→ Aim of the task:
Images are not part of the copy; transcribe all the data exactly.

→ Provided data:
......
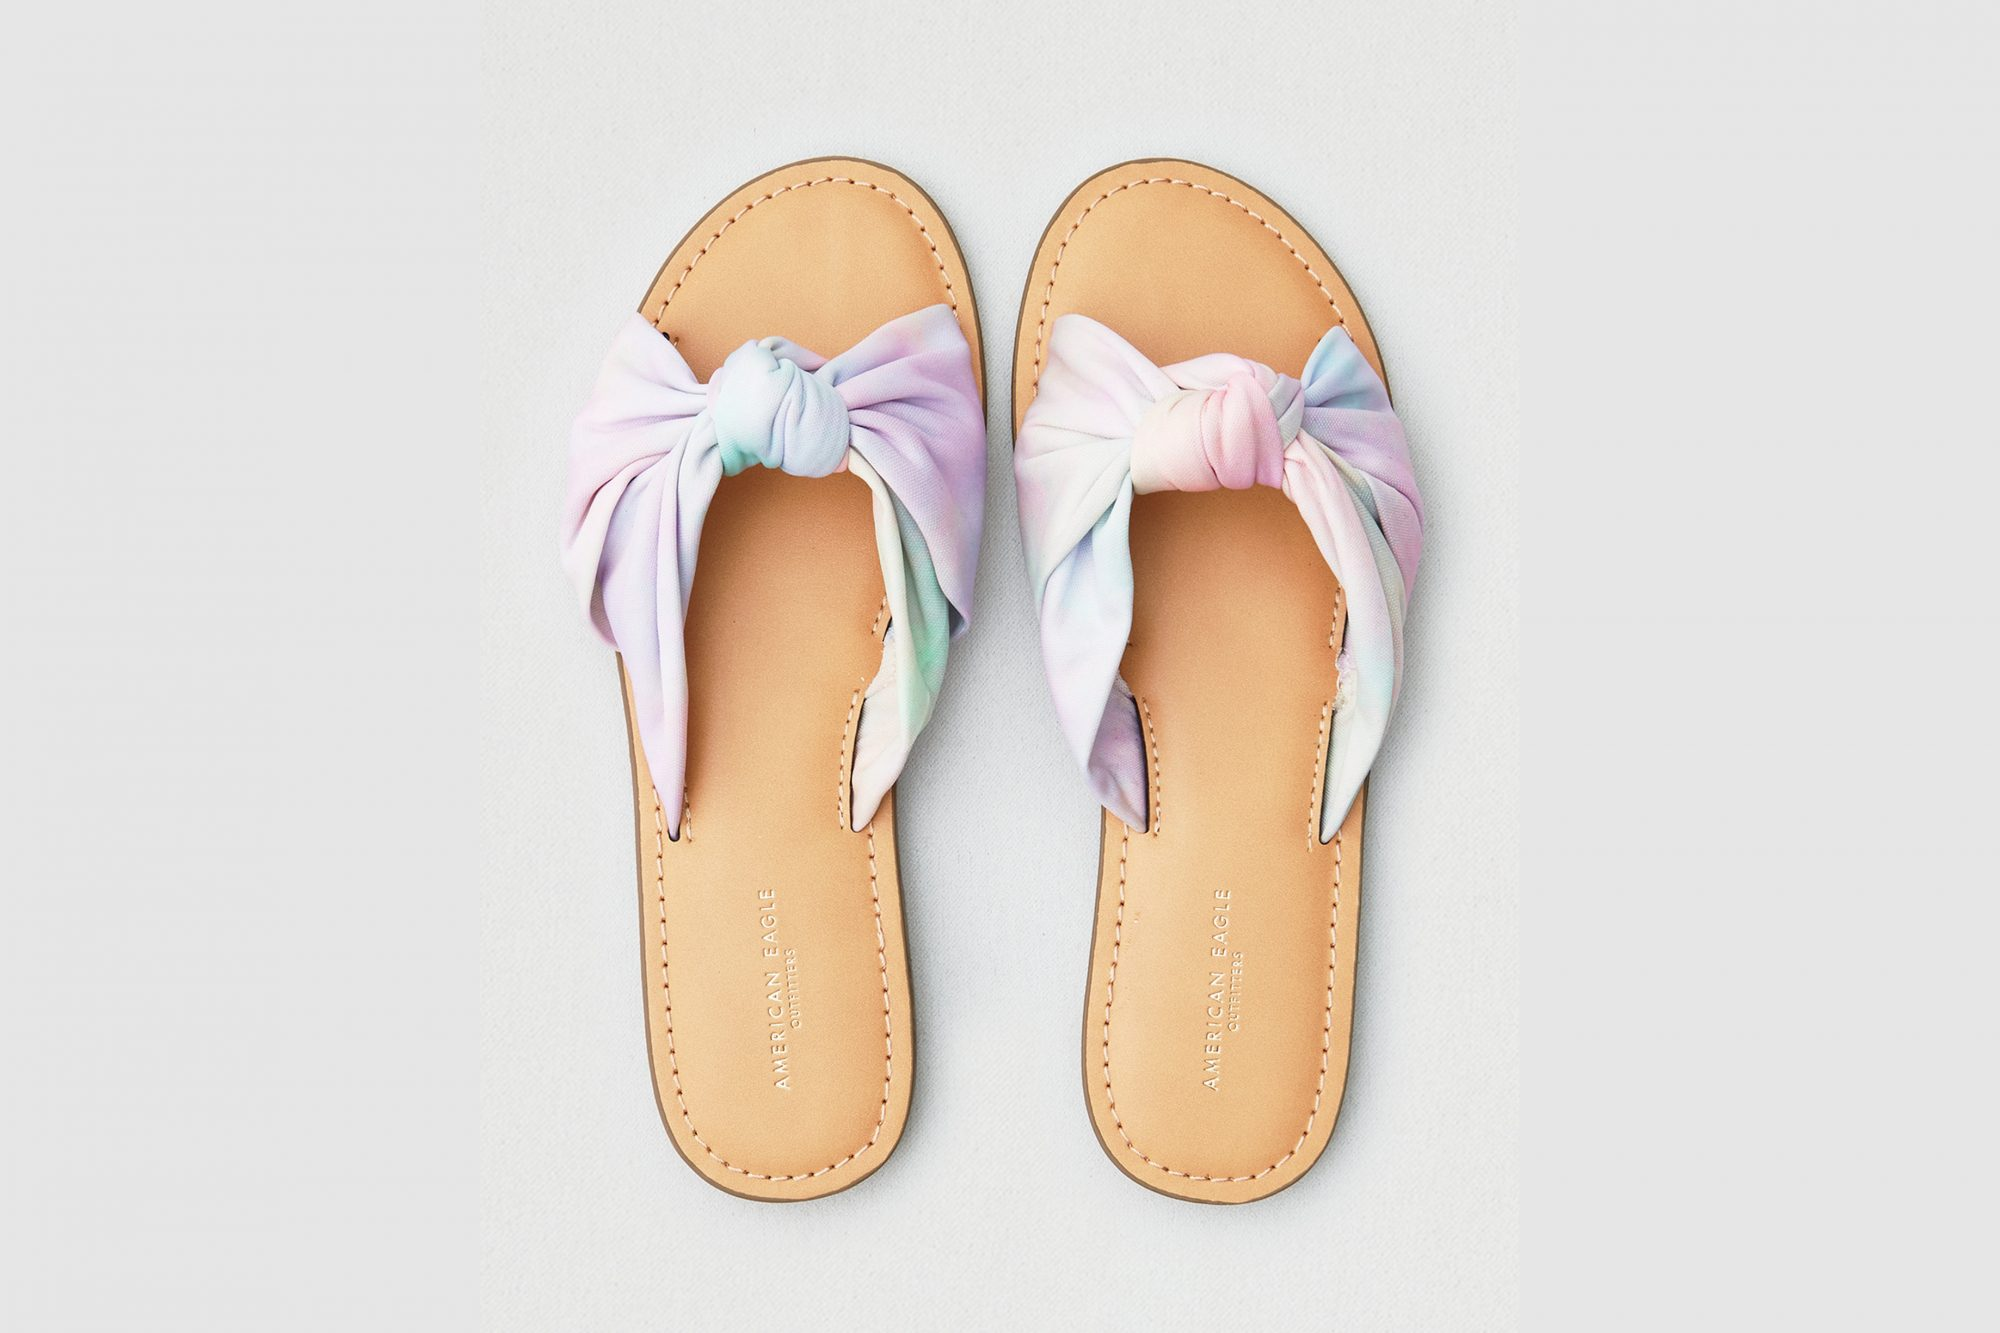 American Eagle tie-dye sandals
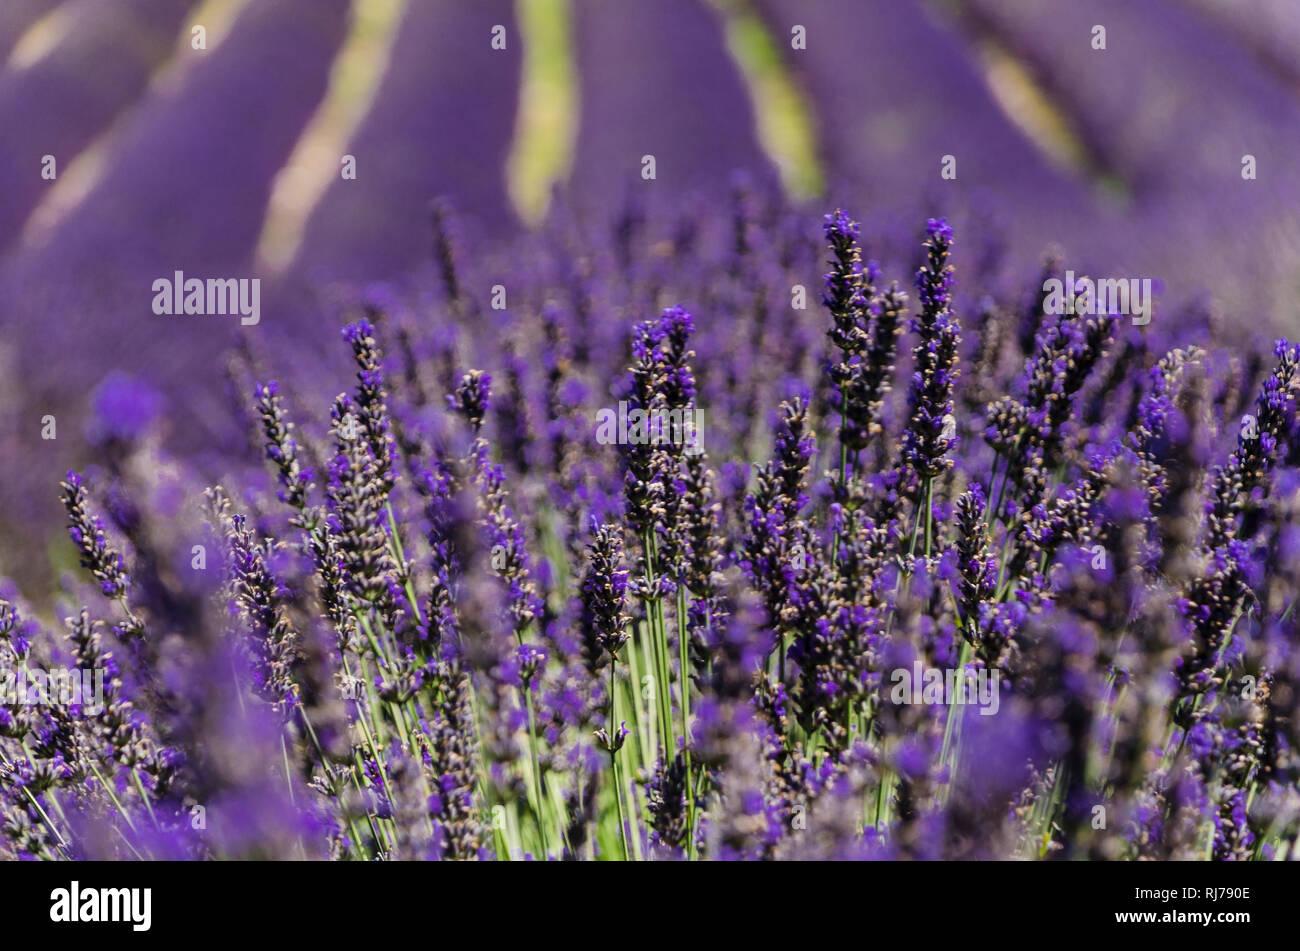 Lavendelfeld bei Sault, Frankreich - Stock Image
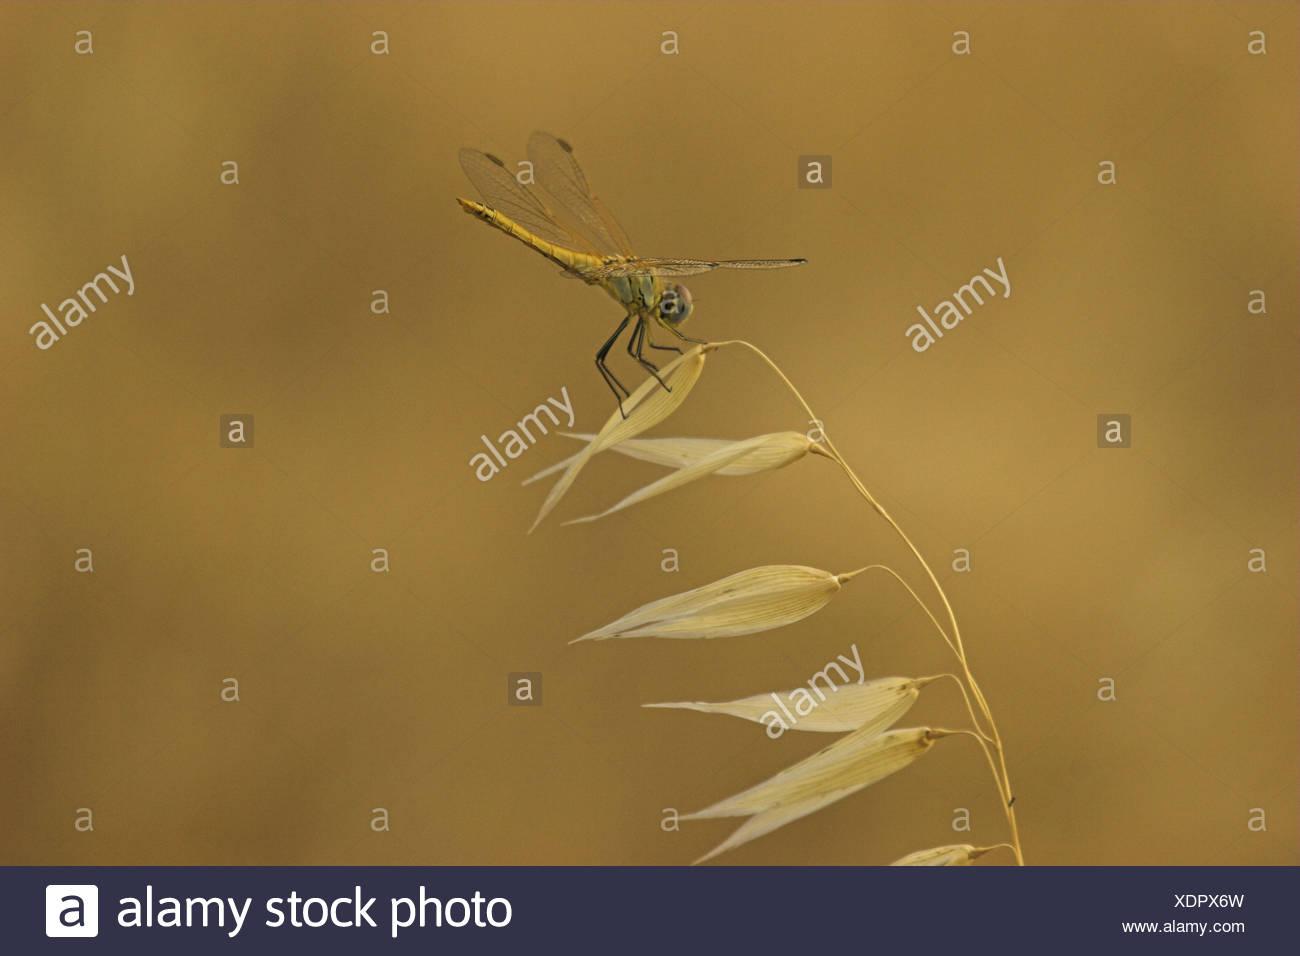 scarlet darter (Crocothemis erythraea), on wild oat (Avena fatua), France, Provence Stock Photo
......
→ Result of the exercise:
 American Eagle tie-dye sandals
 Lavendelfeld bei Sault, Frankreich - Stock Image
 scarlet darter (Crocothemis erythraea), on wild oat (Avena fatua), France, Provence Stock Photo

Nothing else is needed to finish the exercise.